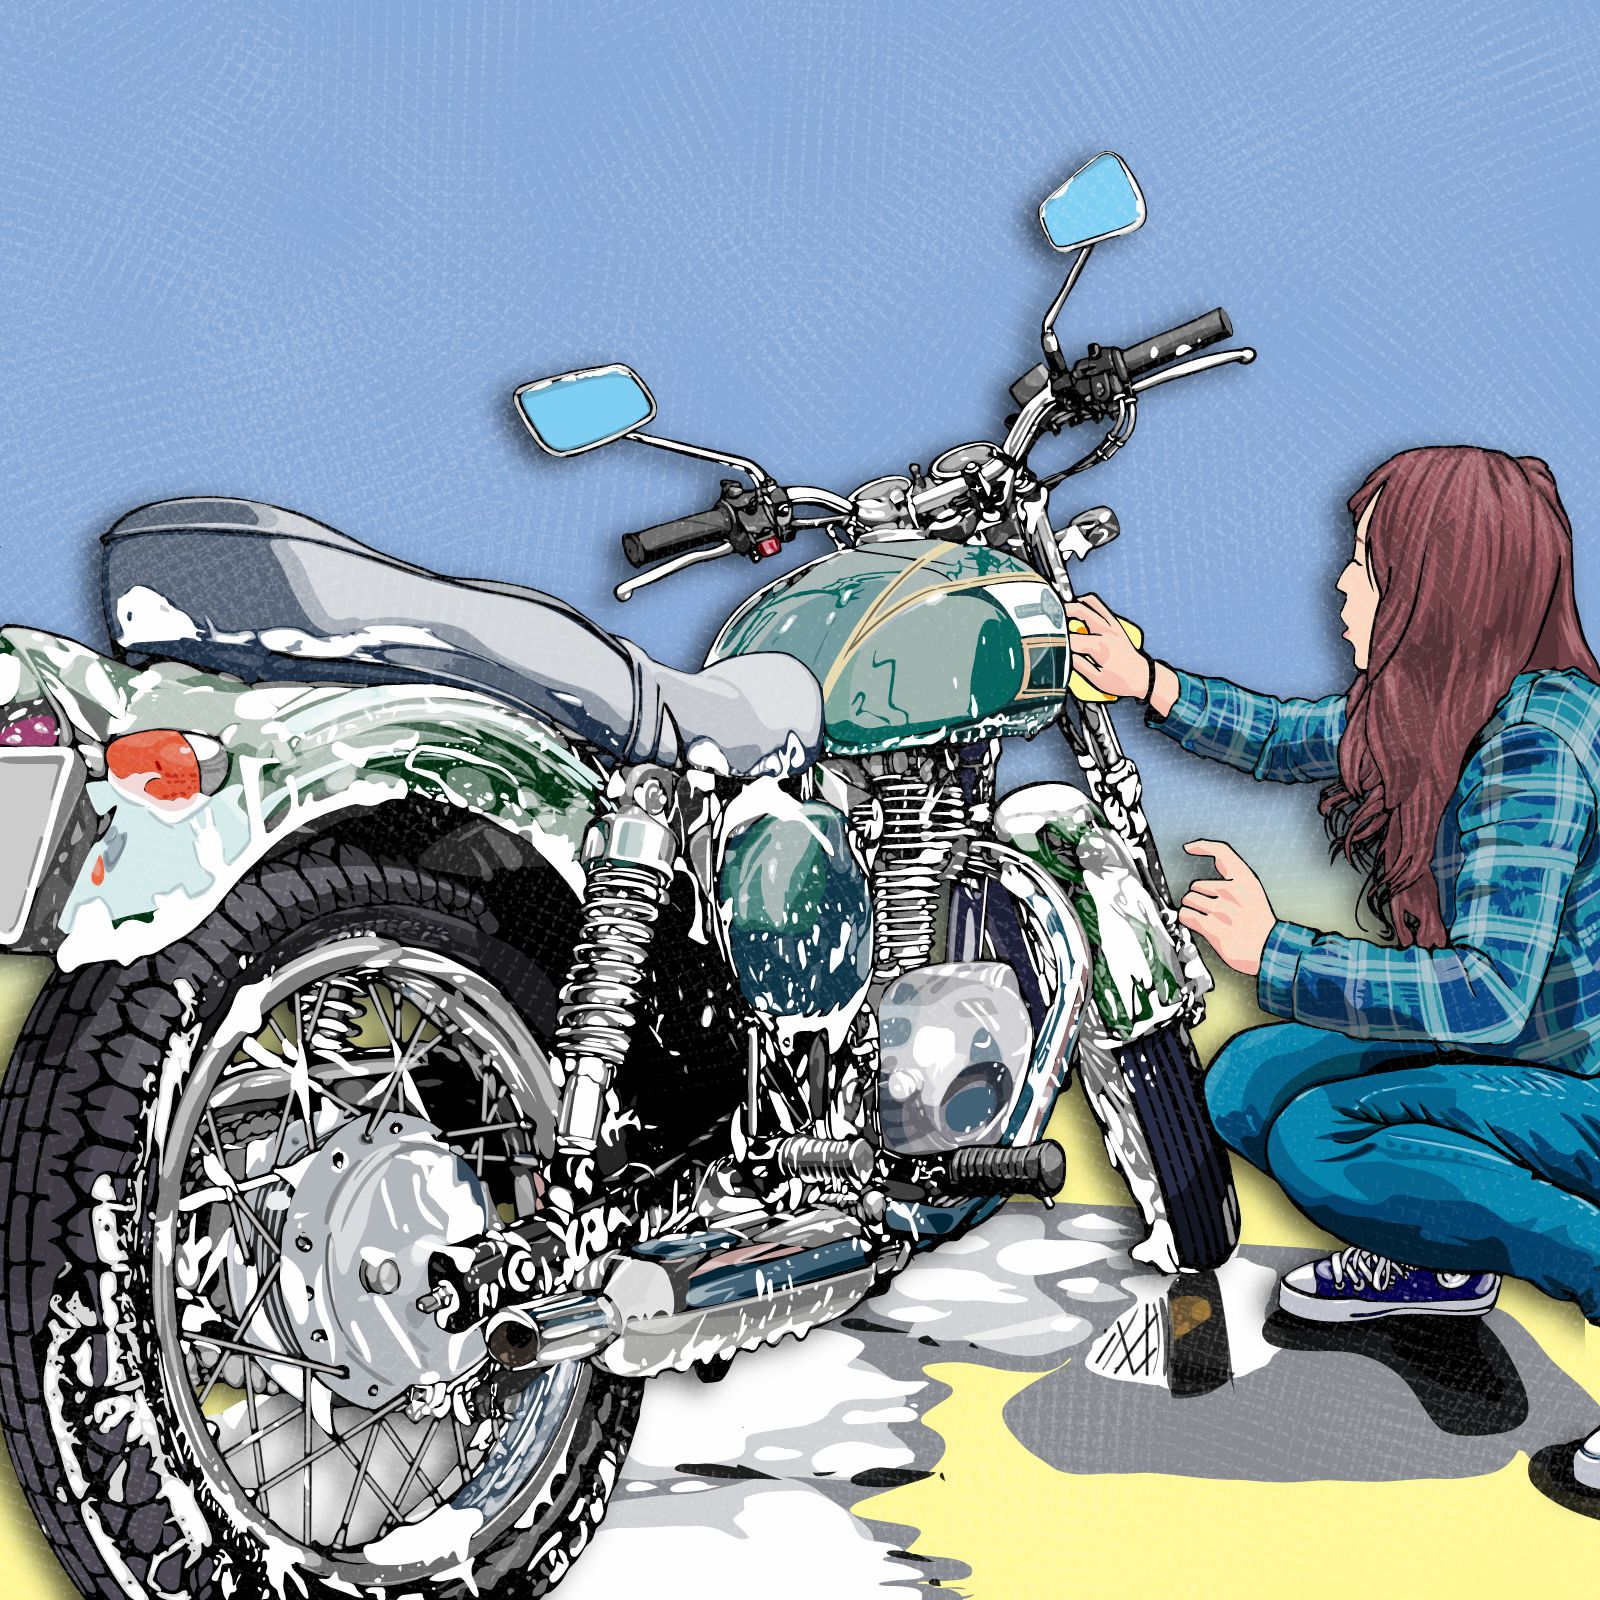 estgrr Anime motorcycle, Cafe racer style, Concept art
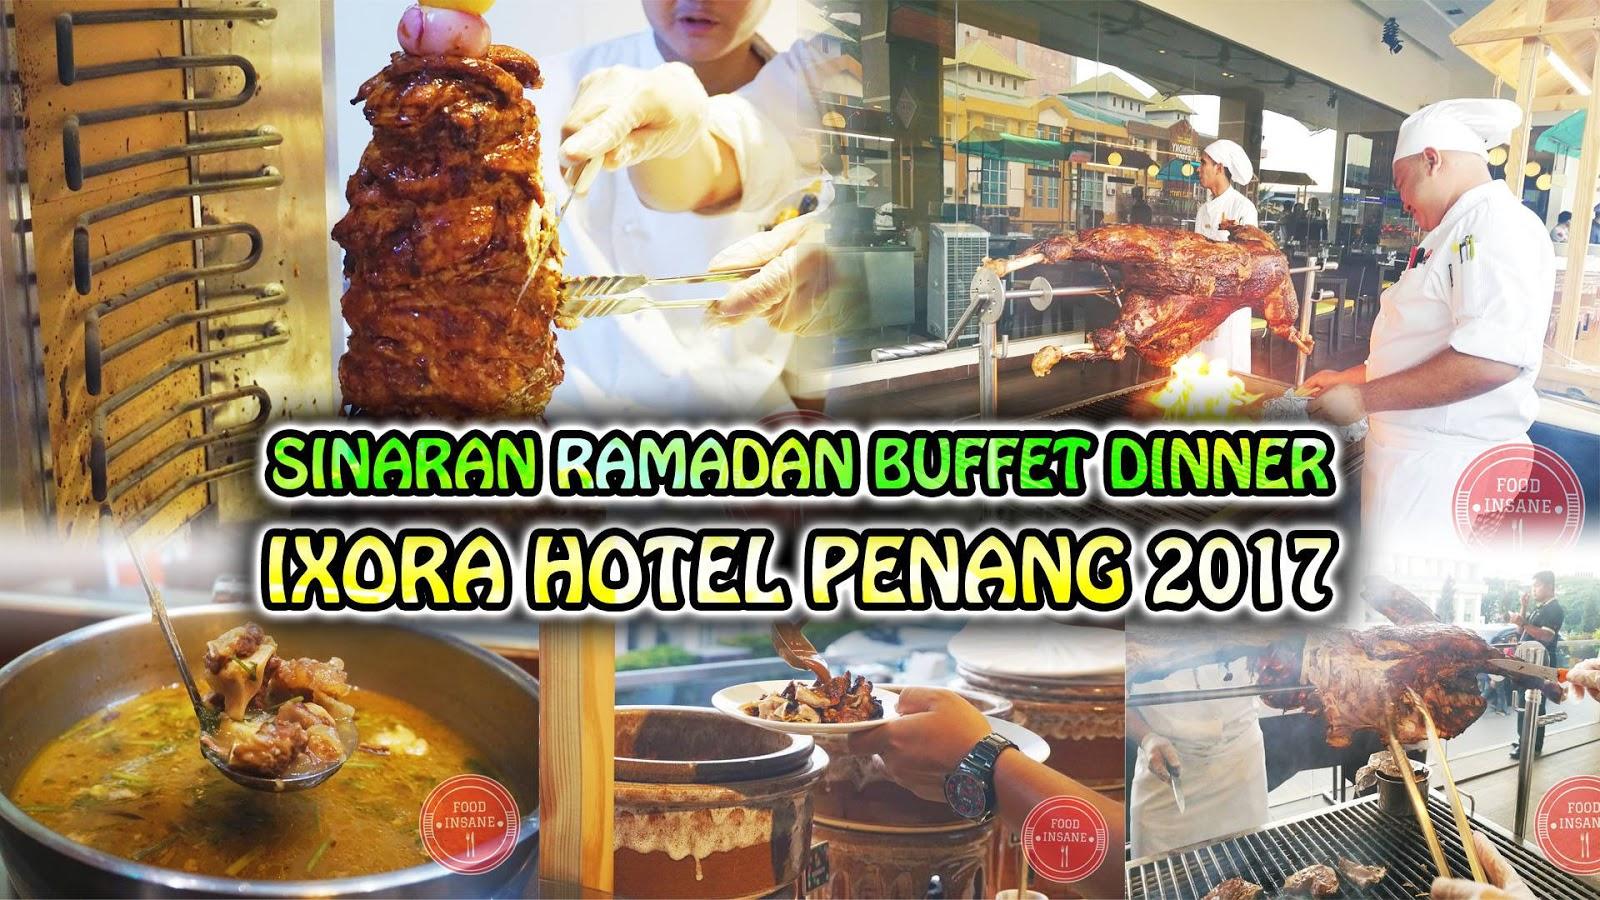 Food Insane Sinaran Ramadan Buffet Dinner The Straits
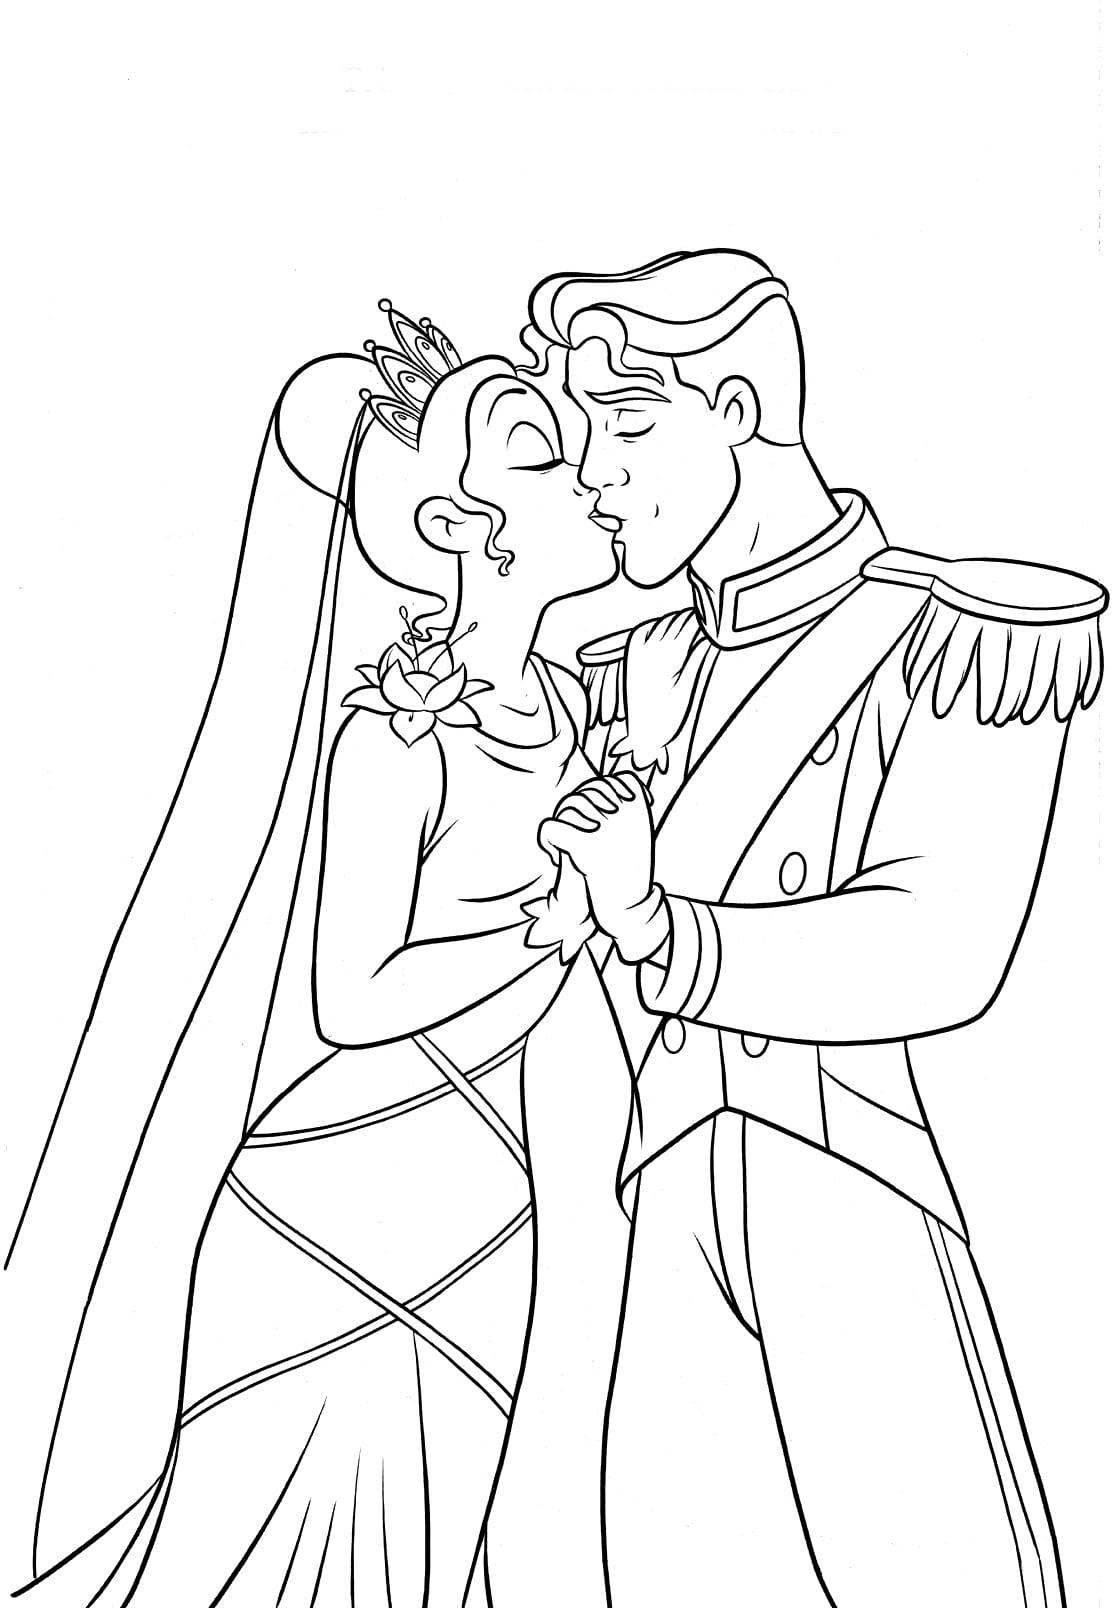 Desenhos De A Princesa E O Sapo Para Colorir

☆ ☆ ☆ ☆

Write out the material above without changing a word, and skip any picture.

 estgrr Anime motorcycle, Cafe racer style, Concept art
 Food Insane Sinaran Ramadan Buffet Dinner The Straits
 Desenhos De A Princesa E O Sapo Para Colorir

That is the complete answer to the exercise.